“There’s a million people that sell what you sell … what else do you offer?” asks Vincent Carey, founder of Madison-based freight brokerage company Triple Double Logistics (TDL). As the company name implies with its basketball allusion, TDL’s mission is predicated on what Carey calls “filling the stat sheet” with reliable freight transportation.
Carey discusses the imperative of this kind of branding for businesses like TDL, which connects local companies with trucking solutions. “So much of logistics is done through phone calls, through emails, and we want to build these real, genuine relationships with companies … Logistics companies, we’re middlemen. Freight brokerages, we’re middlemen, so if you don’t have a great, established relationship with people, then your product is not what you advertise it to be.
“People think that having relationships with customers is the only piece because that’s who’s giving them the [truck] load,” Carey adds, “but I feel like having that relationship with the truck driver and trucking company is just as important.”
Carey founded TDL in 2021 after previous work in the trucking industry and the sale of his former business, Triple Double Trucking. He came into trucking knowing what he wanted to do, learned more about logistics, and began to understand more about the changes he could bring to the industry.
TDL is breaking new ground as one of the only non-asset-based, Disadvantaged Business Enterprise (DBE)- and Minority Business Enterprise (MBE)-certified companies in Wisconsin. Among its current clients are UW Provision, Coated Metals Group, Midwestern BioAg, and Future Foam. “Companies are looking for minority-owned businesses to do business with,” Carey notes.
Carey is also actively pursuing multiple government contracts.

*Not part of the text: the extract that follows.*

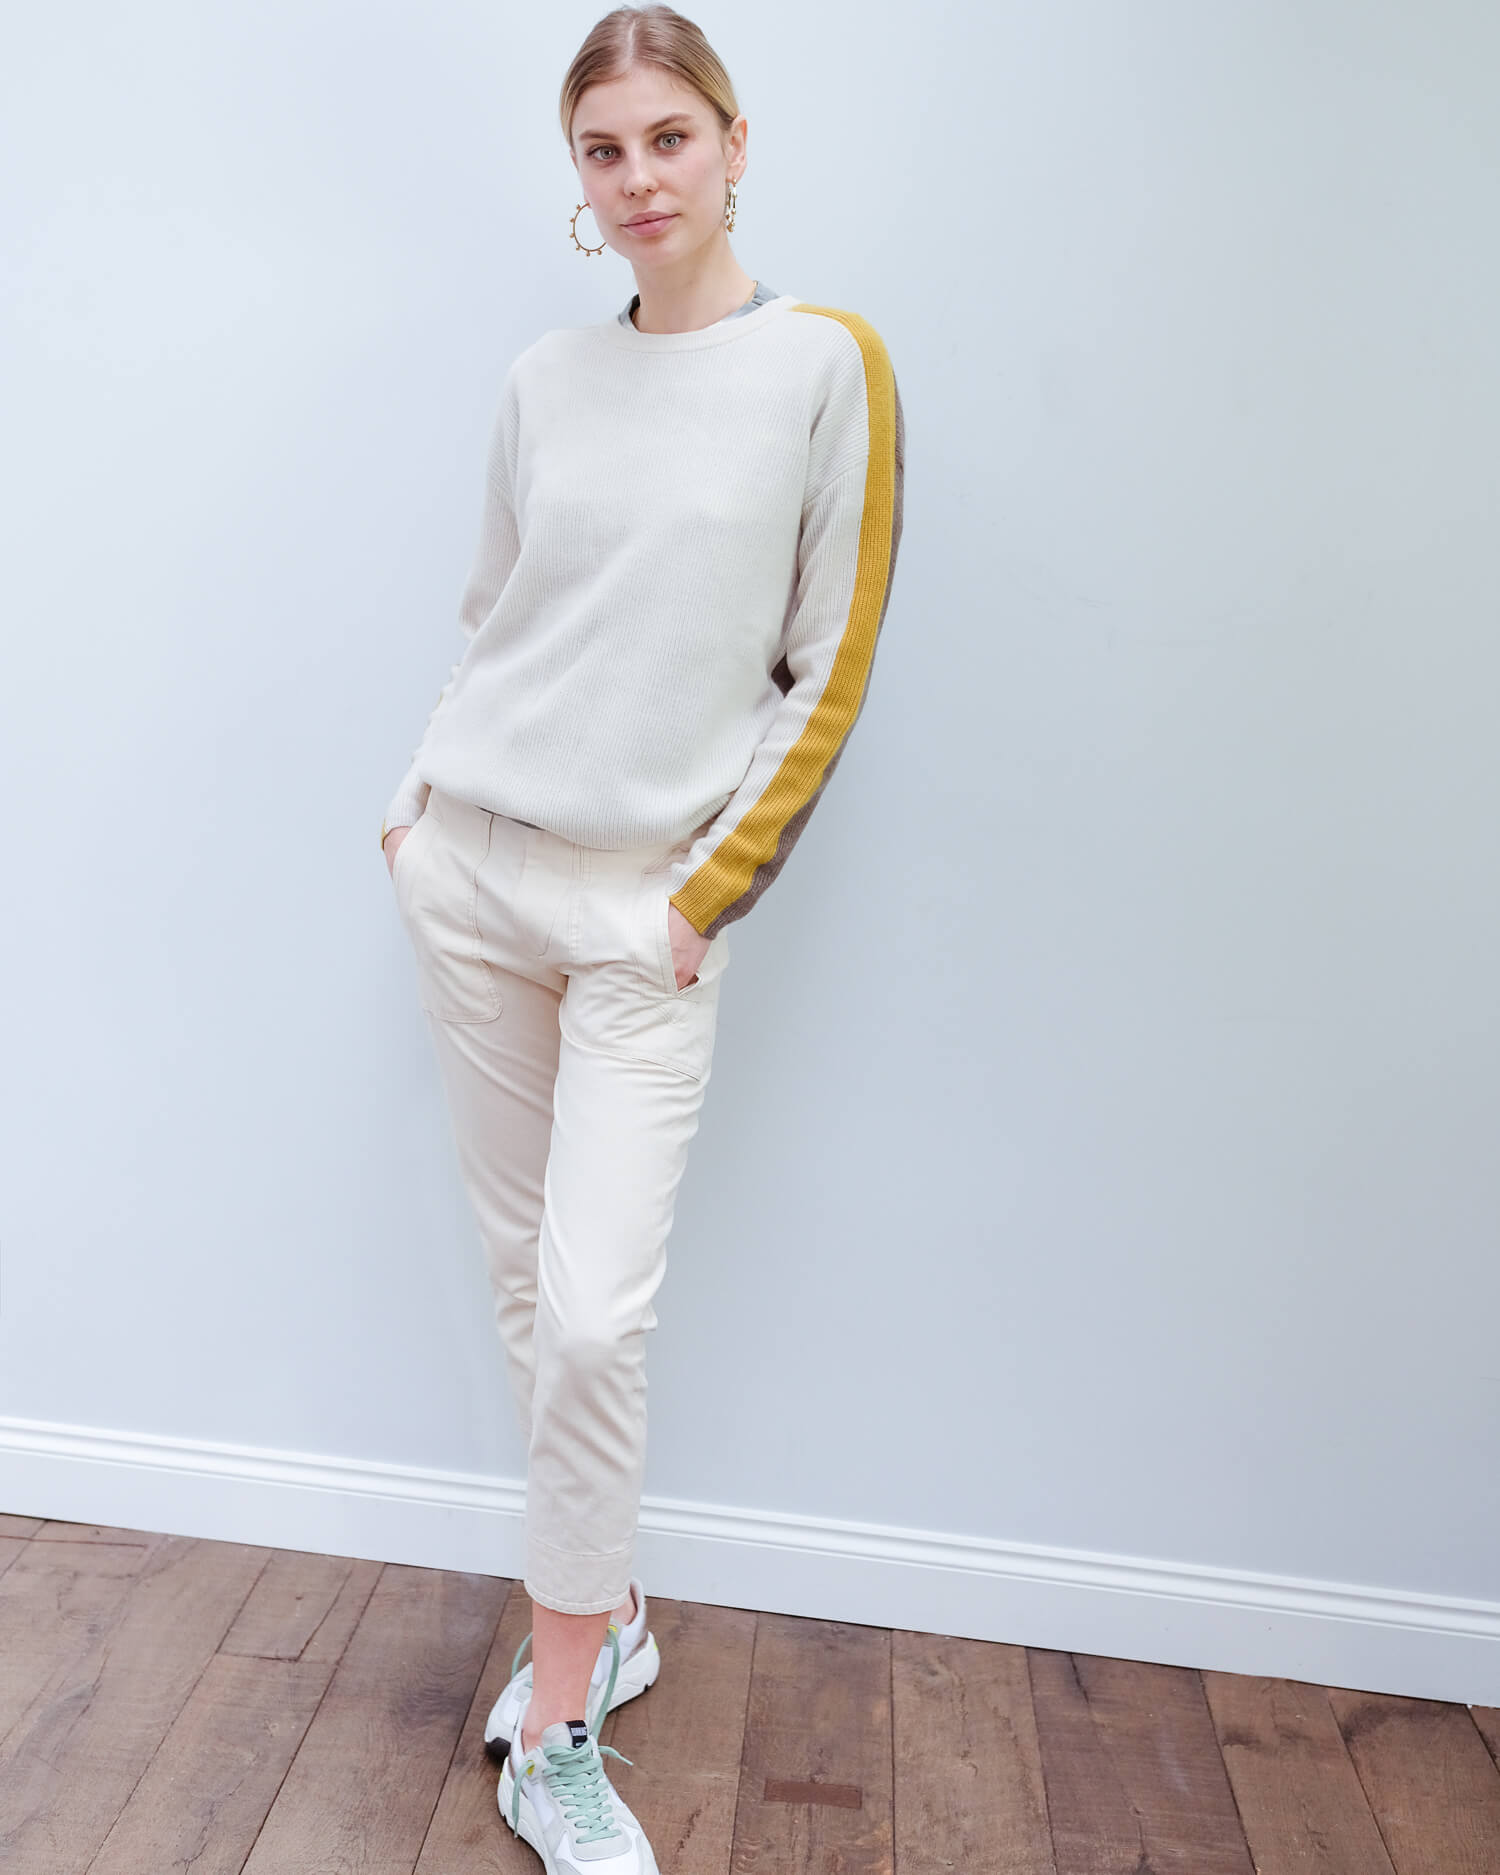 V Polly cashmere knit in milk

Despite its unique industry positioning, however, Carey says getting TDL on its feet has been a learning process, especially without outside financial backing to support its launch. He says it’s been a “hustle,” with “people taking leaps of faith,” but the company’s annual growth is evidence that it’s all paying off.
“Our first year, 2021, we [grossed] no money,” he notes. “Year two, we [grossed] about $1,475 total, and year three, we [grossed] about $83,000. This year, if nothing changes, we’ll make close to $130,000, but a lot will change.”
What could change? Carey says that with the company’s recent MBE-certification and the potential to lock down government contracts, “we could easily surpass $1 million.”
With TDL’s financial growth comes anticipated expansion — job creation within the community. Carey says it’s an opportunity to make success accessible in the form of high-paying work. “Logistics is a lucrative market, and anybody can do it with the right training and a pure heart. So, what we eventually want to do is build something that we can bring people into, where you don’t necessarily need a college degree … you’ve just got to come in willing to learn and [with] a drive to be better.
“That’s what I feel is so cool about it,” Carey adds. “We’ll be able to offer jobs — real, livable jobs.”
Beyond the tangible business benefits is another window for impact — paving the way for youth and others struggling with adversity. Carey wants to positively affect people who look like him and mentor them. “The journey has been so much trial and error,” he notes. “I understand so much more now.”